* For your amusement: slightly faster syscalls
@ 2015-06-13 0:09 Andy Lutomirski
[not found] ` <CA+55aFzMCeDc5rw8bj3Zyimbi7C1RcU15TeiMA6jOMfnd+3B=Q@mail.gmail.com>
0 siblings, 1 reply; 7+ messages in thread
From: Andy Lutomirski @ 2015-06-13 0:09 UTC (permalink / raw)
To: linux-kernel, X86 ML, Linus Torvalds, H. Peter Anvin,
Denys Vlasenko, Borislav Petkov
The SYSCALL prologue starts with SWAPGS immediately followed by a
gs-prefixed instruction. I think this causes a pipeline stall.
If we instead do:
mov %rsp, rsp_scratch(%rip)
mov sp0(%rip), %rsp)
swapgs
...
pushq rsp_scratch(%rip)
then we avoid the stall and save about three cycles.
Horrible horrible code to do this lives here:
https://git.kernel.org/cgit/linux/kernel/git/luto/devel.git/log/?h=x86/faster_syscalls
Caveat emptor: it also disables SMP.
For three cycles, I don't think this is worth trying to clean up.
--Andy
^ permalink raw reply [flat|nested] 7+ messages in thread
* Re: For your amusement: slightly faster syscalls
[not found] ` <CA+55aFzMCeDc5rw8bj3Zyimbi7C1RcU15TeiMA6jOMfnd+3B=Q@mail.gmail.com>
@ 2015-06-15 21:42 ` H. Peter Anvin
2015-06-15 21:51 ` Andy Lutomirski
0 siblings, 1 reply; 7+ messages in thread
From: H. Peter Anvin @ 2015-06-15 21:42 UTC (permalink / raw)
To: Linus Torvalds, Andy Lutomirski
Cc: Denys Vlasenko, Borislav Petkov, X86 ML, linux-kernel
On 06/15/2015 02:30 PM, Linus Torvalds wrote:
>
> On Jun 12, 2015 2:09 PM, "Andy Lutomirski" <luto@amacapital.net
> <mailto:luto@amacapital.net>> wrote:
>>
>> Caveat emptor: it also disables SMP.
>
> OK, I don't think it's interesting in that form.
>
> For small cpu counts, I guess we could have per-cpu syscall entry points
> (unless the syscall entry msr is shared across hyperthreading?

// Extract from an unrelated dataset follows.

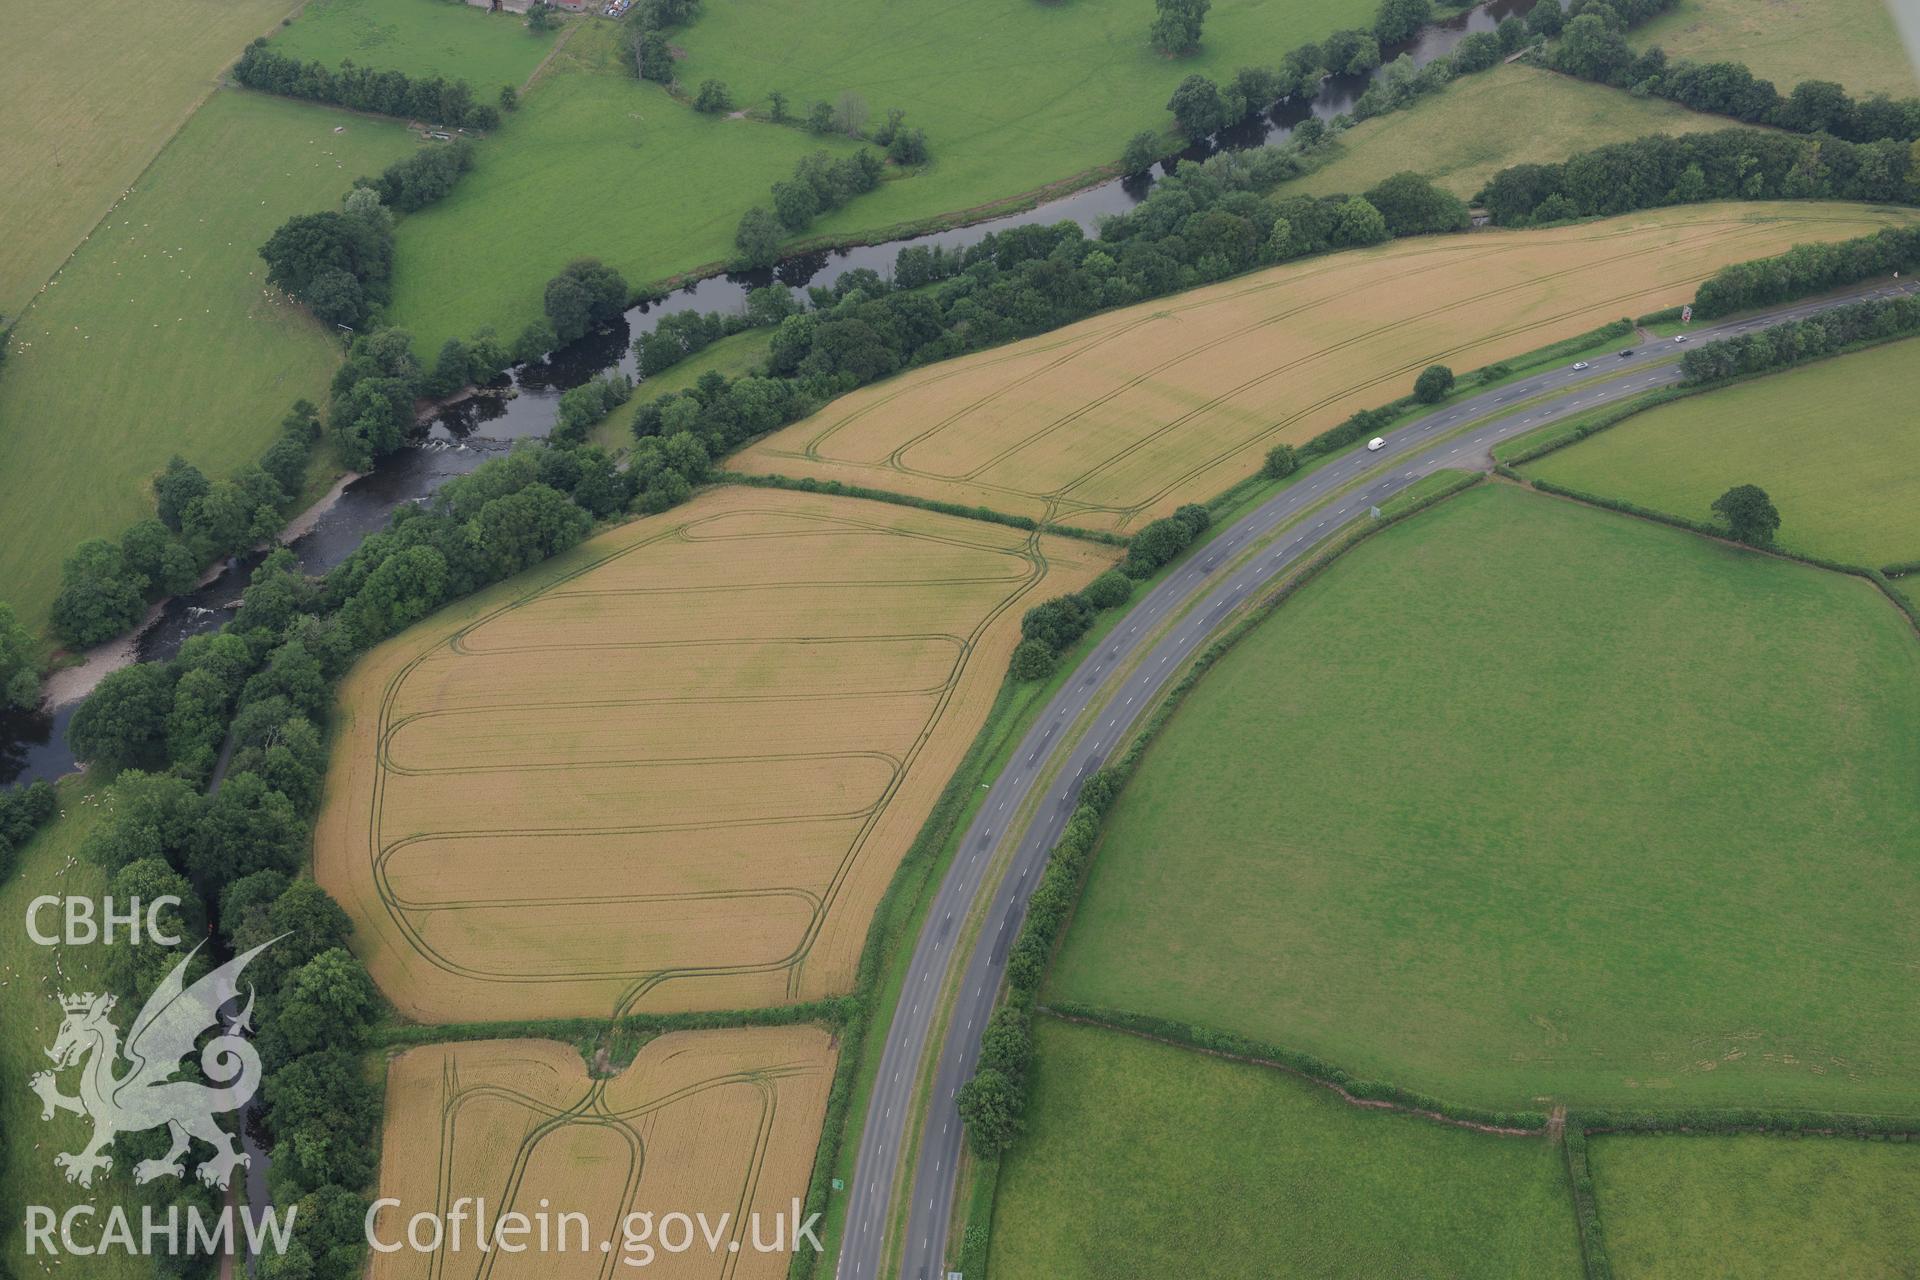 Cefn-brynich Roman fort, general view of cropmarks from east, taken by RCAHMW 1st August 2013.

Some
> msr's are per thread, others per core, AFAIK), and it could actually
> work that way.
>
> But I'm not sure the three cycles is worth the worry and the complexity.
>
We discussed the per-cpu syscall entry point, and the issue at hand is
that it is very hard to do that without with fairly high probability
touch another cache line and quite possibly another page (and hence a
TLB entry.)
-hpa
^ permalink raw reply [flat|nested] 7+ messages in thread
* Re: For your amusement: slightly faster syscalls
2015-06-15 21:42 ` H. Peter Anvin
@ 2015-06-15 21:51 ` Andy Lutomirski
2015-06-18 8:01 ` Ingo Molnar
0 siblings, 1 reply; 7+ messages in thread
From: Andy Lutomirski @ 2015-06-15 21:51 UTC (permalink / raw)
To: H. Peter Anvin
Cc: Linus Torvalds, Denys Vlasenko, Borislav Petkov, X86 ML, linux-kernel
On Mon, Jun 15, 2015 at 2:42 PM, H. Peter Anvin <hpa@zytor.com> wrote:
> On 06/15/2015 02:30 PM, Linus Torvalds wrote:
>>
>> On Jun 12, 2015 2:09 PM, "Andy Lutomirski" <luto@amacapital.net
>> <mailto:luto@amacapital.net>> wrote:
>>>
>>> Caveat emptor: it also disables SMP.
>>
>> OK, I don't think it's interesting in that form.
>>
>> For small cpu counts, I guess we could have per-cpu syscall entry points
>> (unless the syscall entry msr is shared across hyperthreading? Some
>> msr's are per thread, others per core, AFAIK), and it could actually
>> work that way.
>>
>> But I'm not sure the three cycles is worth the worry and the complexity.
>>
>
> We discussed the per-cpu syscall entry point, and the issue at hand is
> that it is very hard to do that without with fairly high probability
> touch another cache line and quite possibly another page (and hence a
> TLB entry.)
I think this isn't actually true. If we were going to do a per-cpu
syscall entry point, then we might as well duplicate all of the entry
code per cpu instead of just a short trampoline. That would avoid
extra TLB misses and (L1) cache misses, I think.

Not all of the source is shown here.